— What the task asks —
Could you output only the lines from the one containing "Suivez nous sur Facebook" through the last line of the data, both included?

— Exercise data —
========================================================================
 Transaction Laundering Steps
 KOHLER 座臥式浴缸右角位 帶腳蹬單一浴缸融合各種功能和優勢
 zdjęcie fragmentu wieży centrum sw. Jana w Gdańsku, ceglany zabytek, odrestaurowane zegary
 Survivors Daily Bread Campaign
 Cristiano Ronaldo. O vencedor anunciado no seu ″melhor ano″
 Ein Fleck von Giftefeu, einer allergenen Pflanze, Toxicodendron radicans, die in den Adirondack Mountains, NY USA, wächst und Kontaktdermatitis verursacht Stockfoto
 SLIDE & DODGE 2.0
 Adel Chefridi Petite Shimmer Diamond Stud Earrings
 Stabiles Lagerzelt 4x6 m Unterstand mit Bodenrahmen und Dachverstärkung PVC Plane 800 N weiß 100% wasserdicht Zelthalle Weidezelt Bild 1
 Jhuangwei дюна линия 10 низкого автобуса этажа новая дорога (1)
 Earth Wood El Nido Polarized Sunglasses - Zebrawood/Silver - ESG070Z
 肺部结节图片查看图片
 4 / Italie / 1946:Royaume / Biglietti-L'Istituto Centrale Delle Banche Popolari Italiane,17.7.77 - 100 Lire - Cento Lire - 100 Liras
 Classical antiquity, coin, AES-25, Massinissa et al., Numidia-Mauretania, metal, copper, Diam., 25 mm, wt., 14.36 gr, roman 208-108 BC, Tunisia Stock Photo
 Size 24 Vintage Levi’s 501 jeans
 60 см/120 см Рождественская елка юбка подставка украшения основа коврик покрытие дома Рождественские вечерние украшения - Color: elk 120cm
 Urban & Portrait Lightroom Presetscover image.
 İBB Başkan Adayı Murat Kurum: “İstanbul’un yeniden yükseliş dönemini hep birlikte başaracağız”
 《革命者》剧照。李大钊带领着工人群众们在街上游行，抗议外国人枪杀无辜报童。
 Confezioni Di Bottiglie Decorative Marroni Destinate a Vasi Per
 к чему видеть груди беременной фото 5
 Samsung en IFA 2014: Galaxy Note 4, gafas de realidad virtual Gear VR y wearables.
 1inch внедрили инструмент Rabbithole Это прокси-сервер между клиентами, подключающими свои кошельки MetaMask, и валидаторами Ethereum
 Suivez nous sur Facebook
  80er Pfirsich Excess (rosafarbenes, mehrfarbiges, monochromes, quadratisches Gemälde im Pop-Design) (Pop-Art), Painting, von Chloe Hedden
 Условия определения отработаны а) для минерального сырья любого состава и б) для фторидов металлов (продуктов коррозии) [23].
========================================================================
— Output —
 Suivez nous sur Facebook
  80er Pfirsich Excess (rosafarbenes, mehrfarbiges, monochromes, quadratisches Gemälde im Pop-Design) (Pop-Art), Painting, von Chloe Hedden
 Условия определения отработаны а) для минерального сырья любого состава и б) для фторидов металлов (продуктов коррозии) [23].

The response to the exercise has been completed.